A bridge worker on the top deck of a double decked bridge needs to lift a 30 kg tool box, with a cable of uniform density 2 kg/meter, from the ground 15 meters below him to the lower deck of the bridge which is 10 meters above the ground. How much work is needed?
To calculate the work needed to lift the tool box, we can use the formula:
Work = Force × Distance
First, let's calculate the force required to lift the tool box. The force required can be determined by considering the weight of the tool box and the weight of the cable.

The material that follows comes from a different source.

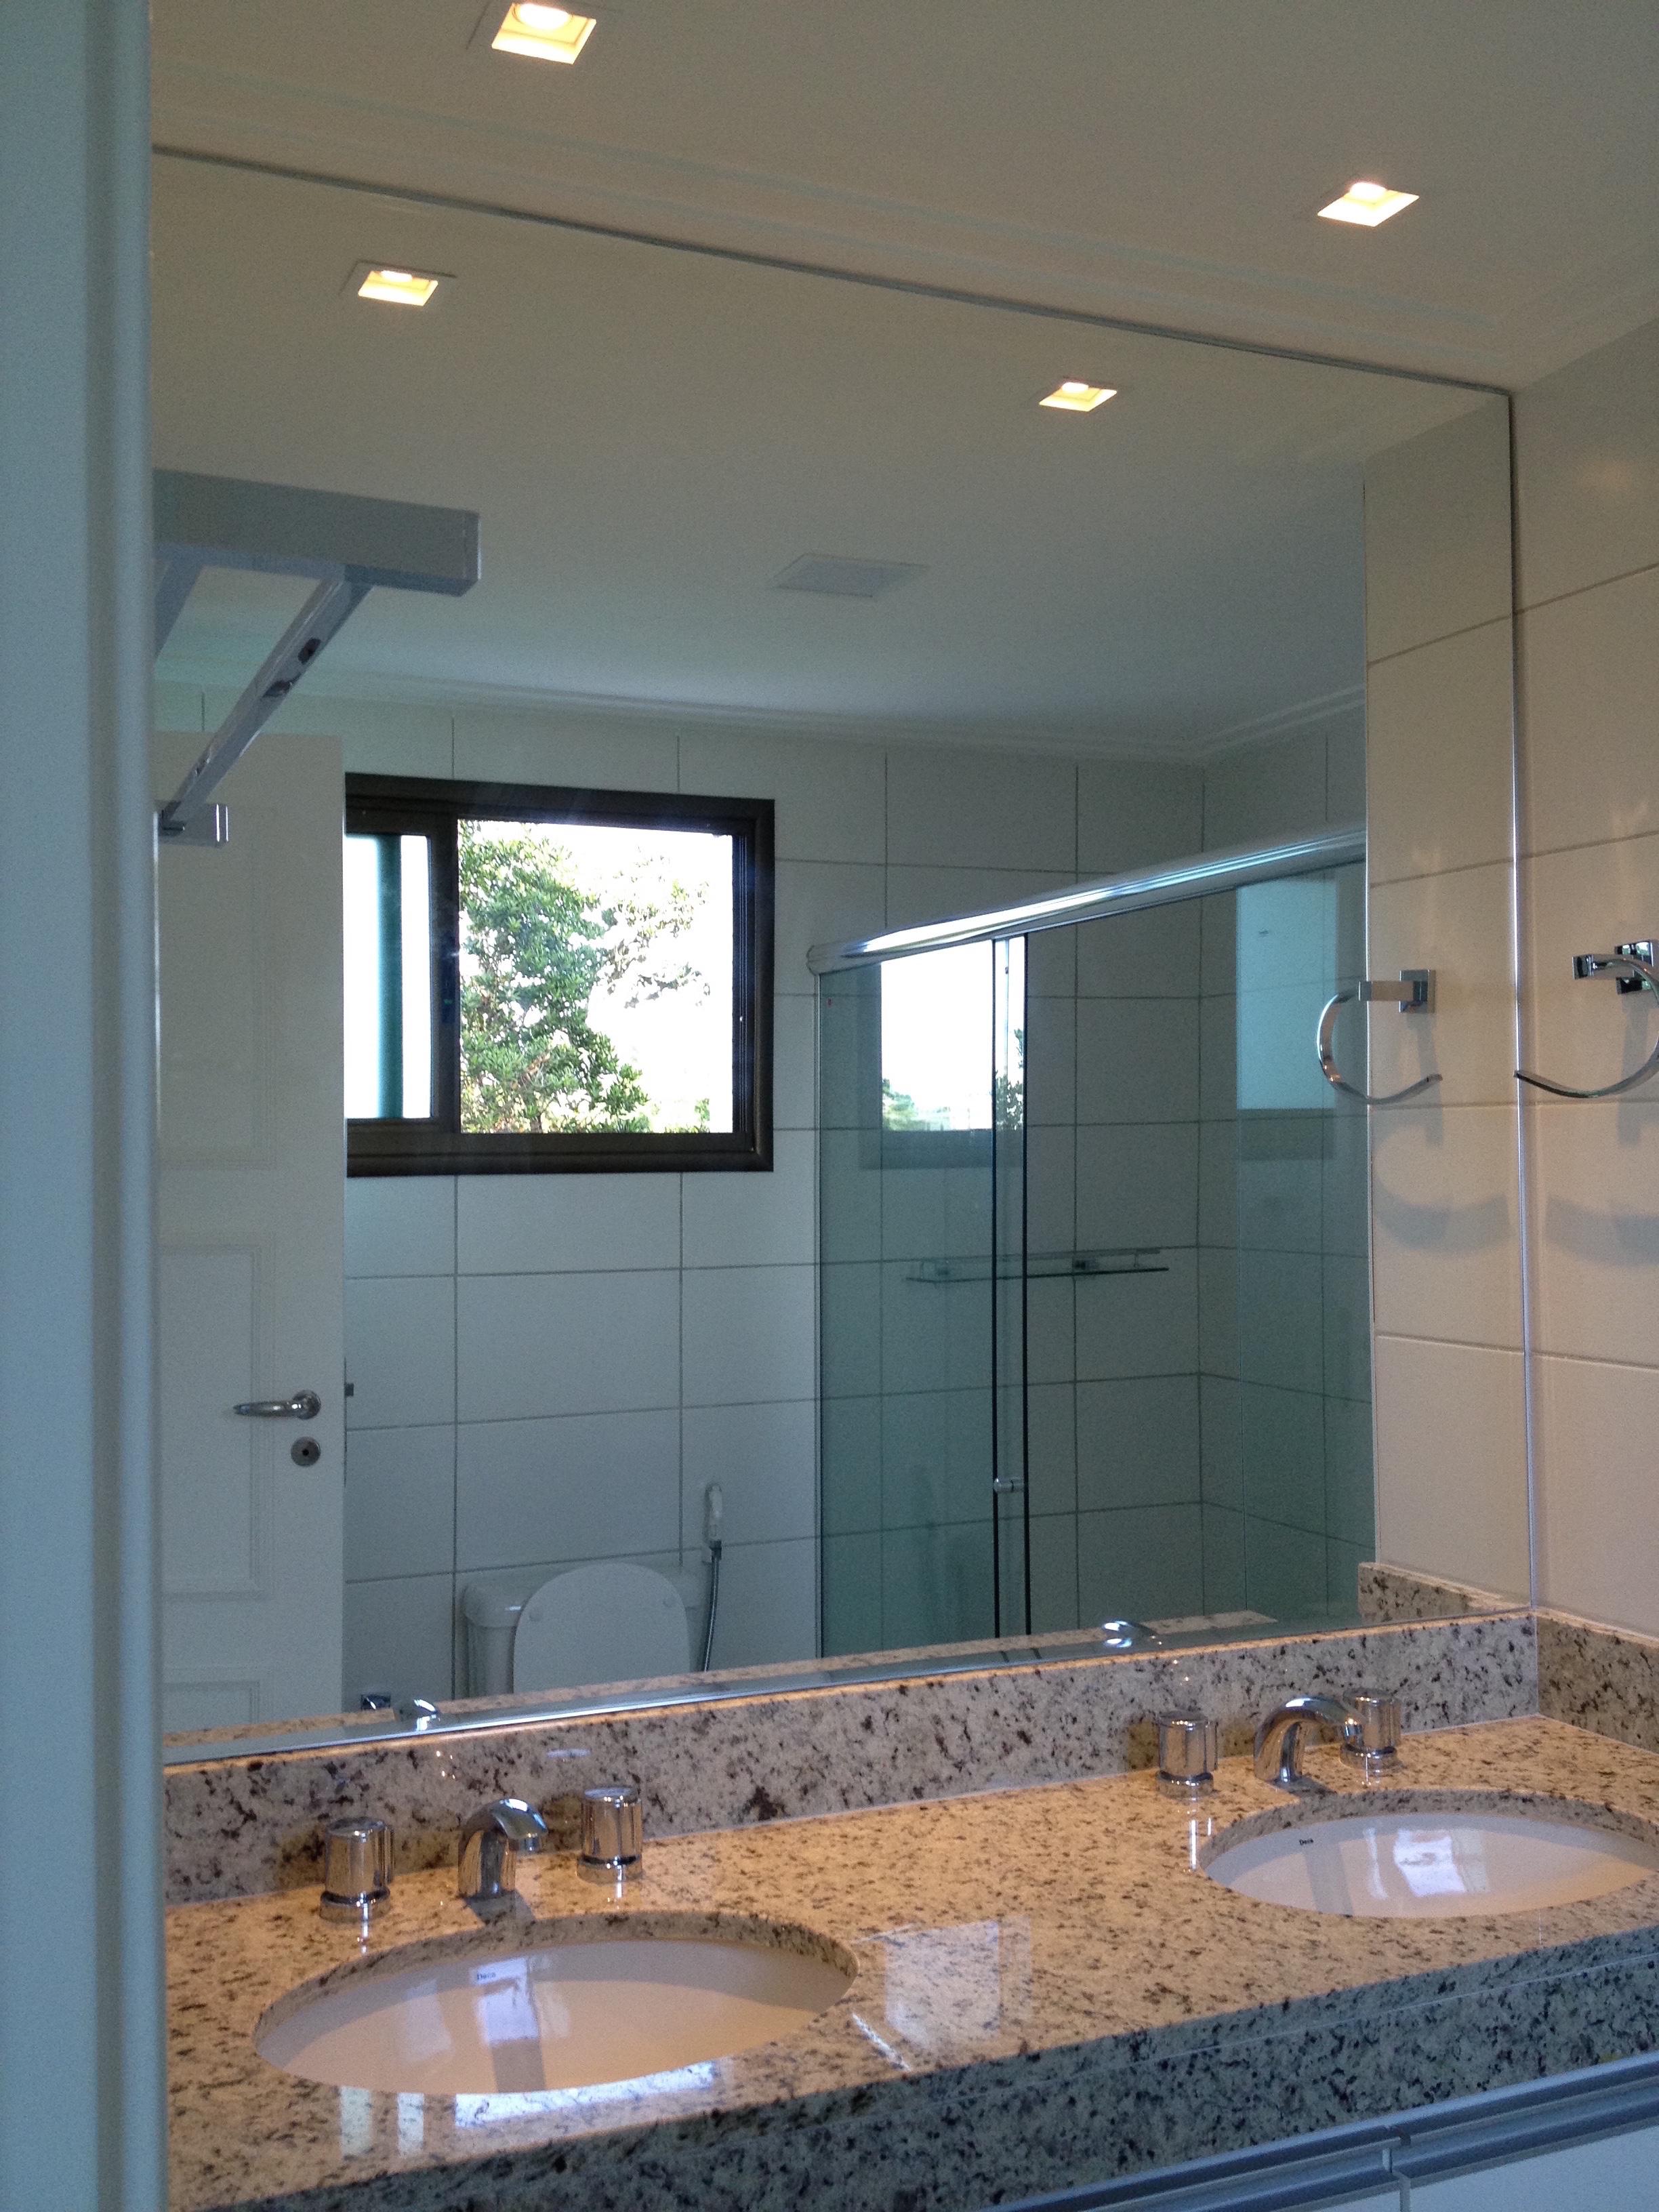 Alquiler m s de 5 habitaciones salvador bahia brasil for Alquiler de habitaciones para 3 personas

Weight of the tool box = mass × acceleration due to gravity
= 30 kg × 9.8 m/s^2
= 294 N
Weight of the cable = mass × acceleration due to gravity
= 2 kg/m × 15 m × 9.8 m/s^2
= 294 N
Total force required = Weight of the tool box + Weight of the cable
= 294 N + 294 N
= 588 N
Now, let's calculate the distance over which the force is applied. In this case, the distance is the sum of the height of the lower deck of the bridge (10 meters) and the distance between the worker and the tool box (15 meters). So, the total distance is 10 meters + 15 meters = 25 meters.
Finally, we can calculate the work needed:
Work = Force × Distance
= 588 N × 25 meters
= 14,700 joules
Therefore, the work required to lift the tool box is 14,700 joules.